Credit scores are numerical representations of an individual's creditworthiness, calculated based on credit history, payment behavior, and debt levels. They are important because they impact the ability to obtain loans, credit cards, and favorable interest rates, affecting overall financial health.
What is the definition of money?
Money is a medium of exchange that facilitates transactions for goods and services. It serves as a unit of account, a store of value, and a standard of deferred payment, allowing individuals to compare the value of diverse products and services.
What is the role of central banks in the economy?
Central banks manage a nation's currency, money supply, and interest rates. They implement monetary policy to control inflation, stabilize the currency, and foster economic growth. They also serve as lenders of last resort to the banking system during financial crises.
What is the difference between saving and investing?
Saving typically involves setting aside money in a secure account for short-term needs or emergencies, while investing involves using money to purchase assets like stocks or real estate with the expectation of generating a return over the long term. Investing carries higher risks but offers the potential for greater rewards.
What are the benefits of having an emergency fund?
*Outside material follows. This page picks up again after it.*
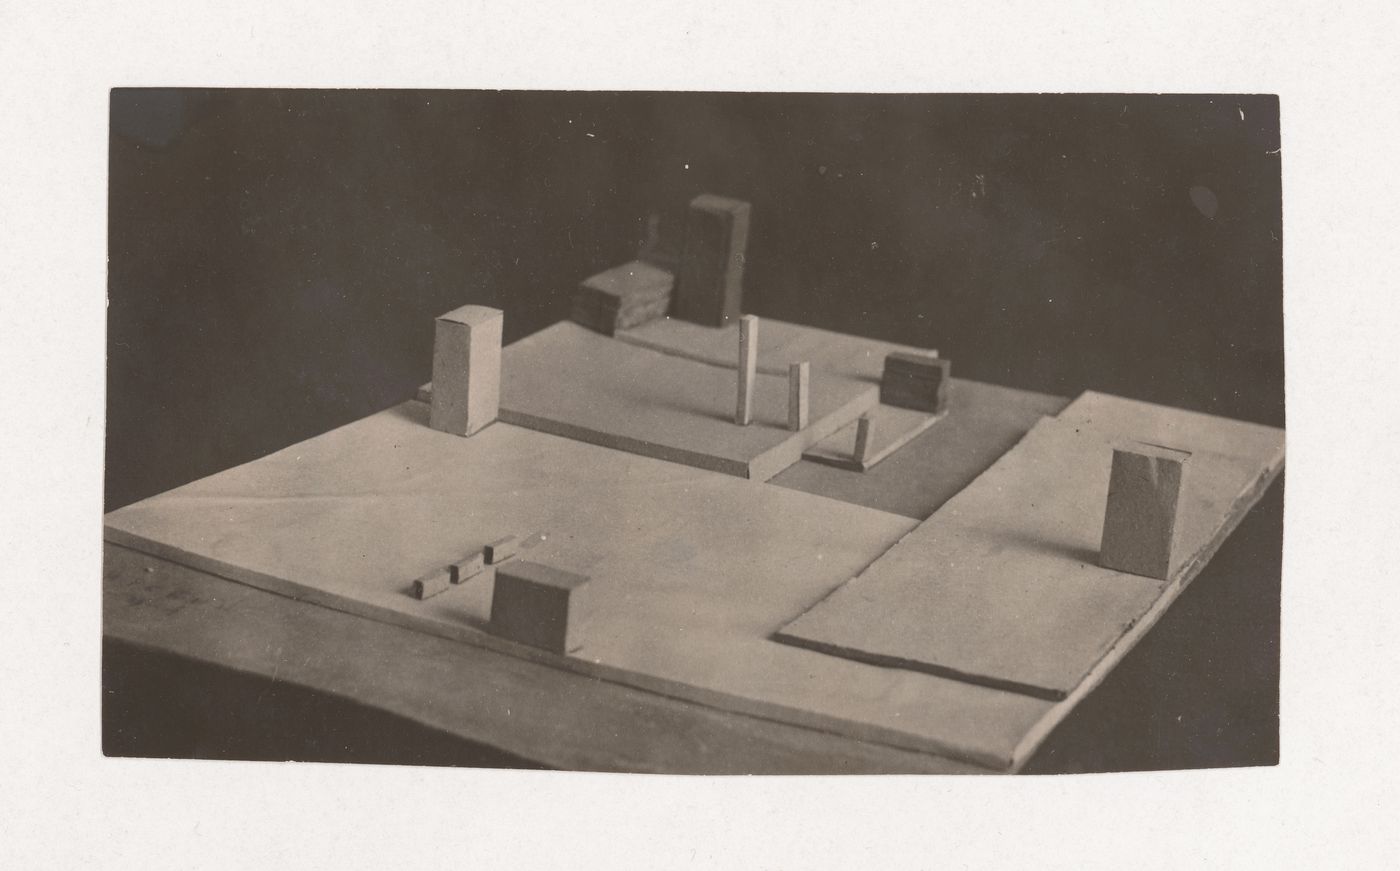 Photograph of a student model on the topic "Organization of Space in a Rectangular Area" for the "Space" course at the Vkhutemas (Higher State Artistic Technical Studios), Moscow

An emergency fund provides financial security by offering a safety net for unexpected expenses, such as medical emergencies or job loss. It helps prevent debt accumulation, reduces stress, and allows for better financial planning, ensuring that individuals can navigate unforeseen circumstances without significant hardship.
Statistics
- A study by the National Endowment for Financial Education found that 60% of Americans do not have a budget.
- According to the World Bank, around 1.7 billion adults worldwide remain unbanked, lacking access to basic financial services.
- As of 2021, the average student loan debt for recent graduates was approximately $30,000, according to the Federal Reserve.
- In 2020, the average retirement savings for Americans aged 60 to 69 was approximately $195,000, according to Fidelity.
- The average return on investment for the S&P 500 over the past 90 years is about 10% per annum.
- Research by the National Bureau of Economic Research found that individuals who receive financial education are 25% more likely to save than those who do not.
- According to the Federal Reserve, approximately 39% of Americans do not have enough savings to cover a $400 emergency expense.
- A survey by the American Psychological Association found that 72% of Americans reported feeling stressed about money at some point in the past month.
External Links
How To
How To Develop a Good Saving Habit
Developing a good saving habit begins with setting clear financial goals. Determine what you are saving for, whether it’s an emergency fund, a vacation, or retirement. Start by automating your savings; set up a direct deposit from your paycheck into a savings account. Aim to save at least 20% of your income, gradually increasing this amount as you become comfortable. Track your spending to identify areas where you can cut back and redirect those funds to your savings. Regularly review your savings progress and adjust your contributions as necessary to stay motivated and achieve your goals.